━━━ Records provided ━━━

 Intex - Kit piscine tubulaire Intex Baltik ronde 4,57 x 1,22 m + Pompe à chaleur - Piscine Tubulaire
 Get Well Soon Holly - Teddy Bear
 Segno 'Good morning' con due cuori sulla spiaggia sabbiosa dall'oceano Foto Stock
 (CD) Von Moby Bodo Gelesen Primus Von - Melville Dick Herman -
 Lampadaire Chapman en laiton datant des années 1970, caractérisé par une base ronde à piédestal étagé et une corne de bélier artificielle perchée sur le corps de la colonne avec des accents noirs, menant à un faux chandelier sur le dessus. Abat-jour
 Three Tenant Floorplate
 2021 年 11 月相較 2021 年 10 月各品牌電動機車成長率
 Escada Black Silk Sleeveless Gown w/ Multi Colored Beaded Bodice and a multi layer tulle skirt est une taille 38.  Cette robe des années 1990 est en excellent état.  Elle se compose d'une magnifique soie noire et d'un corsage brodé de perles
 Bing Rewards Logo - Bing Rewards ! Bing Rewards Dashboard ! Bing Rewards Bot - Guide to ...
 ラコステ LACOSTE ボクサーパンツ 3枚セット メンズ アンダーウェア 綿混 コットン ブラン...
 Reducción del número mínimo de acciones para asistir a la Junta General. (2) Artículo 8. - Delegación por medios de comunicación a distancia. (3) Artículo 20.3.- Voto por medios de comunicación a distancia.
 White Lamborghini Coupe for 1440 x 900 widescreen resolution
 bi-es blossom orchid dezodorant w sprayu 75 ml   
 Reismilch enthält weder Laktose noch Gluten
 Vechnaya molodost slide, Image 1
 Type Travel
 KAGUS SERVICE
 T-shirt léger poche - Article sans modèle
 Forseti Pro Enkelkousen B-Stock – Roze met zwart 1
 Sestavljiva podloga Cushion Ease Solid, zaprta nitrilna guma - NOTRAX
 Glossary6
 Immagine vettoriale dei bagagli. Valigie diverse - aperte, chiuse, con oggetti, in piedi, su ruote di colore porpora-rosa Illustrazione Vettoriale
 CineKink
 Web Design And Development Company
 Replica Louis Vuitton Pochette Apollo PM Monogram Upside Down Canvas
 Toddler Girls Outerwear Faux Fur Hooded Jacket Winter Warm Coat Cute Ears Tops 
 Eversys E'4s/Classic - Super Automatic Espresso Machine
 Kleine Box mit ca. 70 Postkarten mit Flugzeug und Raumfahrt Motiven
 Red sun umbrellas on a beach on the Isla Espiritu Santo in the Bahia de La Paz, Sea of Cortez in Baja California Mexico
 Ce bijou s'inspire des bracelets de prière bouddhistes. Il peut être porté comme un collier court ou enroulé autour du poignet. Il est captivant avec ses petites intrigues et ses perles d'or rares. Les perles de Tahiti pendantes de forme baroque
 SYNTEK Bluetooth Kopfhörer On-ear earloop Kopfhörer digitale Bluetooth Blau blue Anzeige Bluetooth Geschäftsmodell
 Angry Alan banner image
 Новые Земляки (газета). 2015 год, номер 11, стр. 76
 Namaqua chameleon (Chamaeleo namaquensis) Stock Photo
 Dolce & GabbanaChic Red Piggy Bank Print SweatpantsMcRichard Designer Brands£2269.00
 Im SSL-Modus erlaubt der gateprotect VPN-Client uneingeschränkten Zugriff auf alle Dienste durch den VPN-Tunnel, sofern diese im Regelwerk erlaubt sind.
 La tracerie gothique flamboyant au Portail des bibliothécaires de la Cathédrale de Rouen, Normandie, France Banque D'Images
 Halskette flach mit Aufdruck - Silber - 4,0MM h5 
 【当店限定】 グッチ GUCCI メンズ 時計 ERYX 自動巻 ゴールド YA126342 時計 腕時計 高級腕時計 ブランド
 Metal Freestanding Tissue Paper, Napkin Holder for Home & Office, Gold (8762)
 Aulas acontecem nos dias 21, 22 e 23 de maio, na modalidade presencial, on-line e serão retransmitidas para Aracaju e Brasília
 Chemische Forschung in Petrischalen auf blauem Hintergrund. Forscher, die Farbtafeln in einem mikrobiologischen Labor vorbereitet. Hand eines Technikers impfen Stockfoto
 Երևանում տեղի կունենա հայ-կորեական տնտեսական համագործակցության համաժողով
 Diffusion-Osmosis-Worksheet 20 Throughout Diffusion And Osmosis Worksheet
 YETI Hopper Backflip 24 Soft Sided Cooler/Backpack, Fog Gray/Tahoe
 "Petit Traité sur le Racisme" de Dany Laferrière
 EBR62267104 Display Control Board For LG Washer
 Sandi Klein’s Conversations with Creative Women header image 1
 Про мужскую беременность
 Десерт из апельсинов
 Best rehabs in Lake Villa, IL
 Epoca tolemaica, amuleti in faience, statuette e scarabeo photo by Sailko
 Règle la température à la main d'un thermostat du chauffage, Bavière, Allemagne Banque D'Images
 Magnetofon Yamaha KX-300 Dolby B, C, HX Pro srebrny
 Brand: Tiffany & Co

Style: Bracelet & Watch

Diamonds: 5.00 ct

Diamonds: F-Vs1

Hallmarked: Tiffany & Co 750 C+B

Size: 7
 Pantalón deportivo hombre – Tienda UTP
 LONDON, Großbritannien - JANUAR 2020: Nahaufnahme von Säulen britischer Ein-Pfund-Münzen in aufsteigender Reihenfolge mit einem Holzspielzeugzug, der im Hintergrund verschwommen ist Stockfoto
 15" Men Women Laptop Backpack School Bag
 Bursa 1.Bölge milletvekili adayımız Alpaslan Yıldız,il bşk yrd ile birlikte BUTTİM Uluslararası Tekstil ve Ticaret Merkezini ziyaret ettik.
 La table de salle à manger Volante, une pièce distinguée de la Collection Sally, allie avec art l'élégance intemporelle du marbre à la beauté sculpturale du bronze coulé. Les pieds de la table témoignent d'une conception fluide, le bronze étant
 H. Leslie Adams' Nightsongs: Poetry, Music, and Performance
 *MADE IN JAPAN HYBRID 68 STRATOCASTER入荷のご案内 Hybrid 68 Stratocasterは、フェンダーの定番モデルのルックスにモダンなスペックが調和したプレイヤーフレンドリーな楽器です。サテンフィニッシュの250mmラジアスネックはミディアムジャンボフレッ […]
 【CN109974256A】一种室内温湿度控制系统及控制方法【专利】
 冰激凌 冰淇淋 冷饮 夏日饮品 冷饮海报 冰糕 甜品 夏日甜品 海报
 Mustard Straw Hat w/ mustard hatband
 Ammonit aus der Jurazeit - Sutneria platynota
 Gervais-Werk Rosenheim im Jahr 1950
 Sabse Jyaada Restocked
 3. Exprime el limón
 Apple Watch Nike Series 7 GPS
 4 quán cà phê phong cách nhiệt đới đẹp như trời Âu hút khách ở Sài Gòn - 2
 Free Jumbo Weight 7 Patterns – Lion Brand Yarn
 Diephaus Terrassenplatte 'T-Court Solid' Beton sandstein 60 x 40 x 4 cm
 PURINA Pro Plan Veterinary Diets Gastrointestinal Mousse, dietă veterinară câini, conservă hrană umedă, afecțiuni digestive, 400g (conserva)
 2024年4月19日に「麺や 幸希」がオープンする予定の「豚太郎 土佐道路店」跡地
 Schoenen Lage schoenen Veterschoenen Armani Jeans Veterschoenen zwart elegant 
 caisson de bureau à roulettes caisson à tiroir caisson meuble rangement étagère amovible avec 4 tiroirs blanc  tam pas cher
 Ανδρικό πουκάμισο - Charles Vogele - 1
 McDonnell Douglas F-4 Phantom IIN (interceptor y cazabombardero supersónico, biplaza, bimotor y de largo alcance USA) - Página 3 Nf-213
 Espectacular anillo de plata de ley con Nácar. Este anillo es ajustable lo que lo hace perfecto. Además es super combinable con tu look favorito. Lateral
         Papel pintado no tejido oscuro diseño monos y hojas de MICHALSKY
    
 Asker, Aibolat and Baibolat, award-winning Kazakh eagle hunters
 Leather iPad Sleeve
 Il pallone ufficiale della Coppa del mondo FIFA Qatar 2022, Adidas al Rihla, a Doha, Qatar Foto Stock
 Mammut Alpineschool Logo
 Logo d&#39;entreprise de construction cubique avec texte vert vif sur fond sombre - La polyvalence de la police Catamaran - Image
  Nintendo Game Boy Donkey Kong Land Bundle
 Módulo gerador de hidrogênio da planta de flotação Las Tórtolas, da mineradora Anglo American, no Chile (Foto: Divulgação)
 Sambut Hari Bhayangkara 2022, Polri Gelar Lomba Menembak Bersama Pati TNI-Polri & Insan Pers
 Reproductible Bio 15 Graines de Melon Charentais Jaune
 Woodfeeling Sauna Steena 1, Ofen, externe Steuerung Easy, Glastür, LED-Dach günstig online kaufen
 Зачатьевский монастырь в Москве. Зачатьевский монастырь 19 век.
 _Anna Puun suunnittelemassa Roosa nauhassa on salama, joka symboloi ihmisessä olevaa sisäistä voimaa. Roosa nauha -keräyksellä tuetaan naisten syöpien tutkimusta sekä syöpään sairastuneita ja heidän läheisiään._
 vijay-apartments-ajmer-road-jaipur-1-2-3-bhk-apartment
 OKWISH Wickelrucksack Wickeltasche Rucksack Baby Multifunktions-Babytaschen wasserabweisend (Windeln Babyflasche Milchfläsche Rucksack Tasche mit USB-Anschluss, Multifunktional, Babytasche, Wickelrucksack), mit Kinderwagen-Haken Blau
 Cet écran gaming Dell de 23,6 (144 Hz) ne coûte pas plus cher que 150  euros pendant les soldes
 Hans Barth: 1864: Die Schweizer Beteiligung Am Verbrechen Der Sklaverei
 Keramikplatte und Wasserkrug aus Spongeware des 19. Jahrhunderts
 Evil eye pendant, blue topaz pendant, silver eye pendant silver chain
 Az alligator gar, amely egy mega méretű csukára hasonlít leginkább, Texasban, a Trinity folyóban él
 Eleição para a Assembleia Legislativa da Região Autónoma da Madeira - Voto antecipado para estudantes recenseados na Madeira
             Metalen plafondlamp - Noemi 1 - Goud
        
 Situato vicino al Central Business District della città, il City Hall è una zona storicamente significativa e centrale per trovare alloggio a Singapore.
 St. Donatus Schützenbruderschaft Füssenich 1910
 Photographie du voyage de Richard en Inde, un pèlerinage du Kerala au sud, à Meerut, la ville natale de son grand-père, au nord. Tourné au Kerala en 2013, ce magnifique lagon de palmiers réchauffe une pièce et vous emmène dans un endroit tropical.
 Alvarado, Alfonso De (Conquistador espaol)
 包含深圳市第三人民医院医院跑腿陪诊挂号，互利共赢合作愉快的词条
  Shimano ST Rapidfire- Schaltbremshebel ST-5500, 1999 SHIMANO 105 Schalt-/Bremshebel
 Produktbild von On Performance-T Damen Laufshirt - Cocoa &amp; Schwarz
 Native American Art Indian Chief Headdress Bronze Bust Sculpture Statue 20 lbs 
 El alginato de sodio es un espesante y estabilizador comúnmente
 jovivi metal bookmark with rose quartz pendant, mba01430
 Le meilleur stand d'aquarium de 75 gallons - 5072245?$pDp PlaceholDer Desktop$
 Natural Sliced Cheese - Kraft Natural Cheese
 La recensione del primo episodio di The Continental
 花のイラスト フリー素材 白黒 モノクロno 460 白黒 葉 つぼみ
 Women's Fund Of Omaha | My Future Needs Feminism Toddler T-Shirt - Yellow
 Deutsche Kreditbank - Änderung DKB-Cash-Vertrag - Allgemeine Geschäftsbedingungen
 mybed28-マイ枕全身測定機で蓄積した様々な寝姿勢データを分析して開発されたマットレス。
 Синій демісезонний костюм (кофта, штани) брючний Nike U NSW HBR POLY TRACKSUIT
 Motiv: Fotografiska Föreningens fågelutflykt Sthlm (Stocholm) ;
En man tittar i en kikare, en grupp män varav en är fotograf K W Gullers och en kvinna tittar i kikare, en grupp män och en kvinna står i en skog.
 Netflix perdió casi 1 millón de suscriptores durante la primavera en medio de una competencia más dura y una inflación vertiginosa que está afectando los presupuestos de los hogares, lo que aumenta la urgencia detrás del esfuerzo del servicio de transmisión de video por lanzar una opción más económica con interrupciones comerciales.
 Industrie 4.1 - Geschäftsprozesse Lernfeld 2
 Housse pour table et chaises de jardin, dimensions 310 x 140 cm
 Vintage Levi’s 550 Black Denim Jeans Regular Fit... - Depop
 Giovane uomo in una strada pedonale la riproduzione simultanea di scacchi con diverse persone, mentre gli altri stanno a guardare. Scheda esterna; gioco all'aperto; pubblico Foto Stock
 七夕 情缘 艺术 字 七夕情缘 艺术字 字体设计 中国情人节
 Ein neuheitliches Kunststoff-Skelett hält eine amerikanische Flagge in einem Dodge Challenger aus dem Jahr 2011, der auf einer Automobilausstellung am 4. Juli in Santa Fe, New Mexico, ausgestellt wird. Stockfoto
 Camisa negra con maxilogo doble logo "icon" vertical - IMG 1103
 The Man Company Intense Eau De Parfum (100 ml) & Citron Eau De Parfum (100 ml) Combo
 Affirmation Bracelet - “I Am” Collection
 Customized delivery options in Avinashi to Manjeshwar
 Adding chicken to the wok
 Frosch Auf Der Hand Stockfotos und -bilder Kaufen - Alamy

━━━

- Task requirements: Repeat the entries above exactly, from the first line through the line containing "White Lamborghini Coupe".

- Task solution:
 Intex - Kit piscine tubulaire Intex Baltik ronde 4,57 x 1,22 m + Pompe à chaleur - Piscine Tubulaire
 Get Well Soon Holly - Teddy Bear
 Segno 'Good morning' con due cuori sulla spiaggia sabbiosa dall'oceano Foto Stock
 (CD) Von Moby Bodo Gelesen Primus Von - Melville Dick Herman -
 Lampadaire Chapman en laiton datant des années 1970, caractérisé par une base ronde à piédestal étagé et une corne de bélier artificielle perchée sur le corps de la colonne avec des accents noirs, menant à un faux chandelier sur le dessus. Abat-jour
 Three Tenant Floorplate
 2021 年 11 月相較 2021 年 10 月各品牌電動機車成長率
 Escada Black Silk Sleeveless Gown w/ Multi Colored Beaded Bodice and a multi layer tulle skirt est une taille 38.  Cette robe des années 1990 est en excellent état.  Elle se compose d'une magnifique soie noire et d'un corsage brodé de perles
 Bing Rewards Logo - Bing Rewards ! Bing Rewards Dashboard ! Bing Rewards Bot - Guide to ...
 ラコステ LACOSTE ボクサーパンツ 3枚セット メンズ アンダーウェア 綿混 コットン ブラン...
 Reducción del número mínimo de acciones para asistir a la Junta General. (2) Artículo 8. - Delegación por medios de comunicación a distancia. (3) Artículo 20.3.- Voto por medios de comunicación a distancia.
 White Lamborghini Coupe for 1440 x 900 widescreen resolution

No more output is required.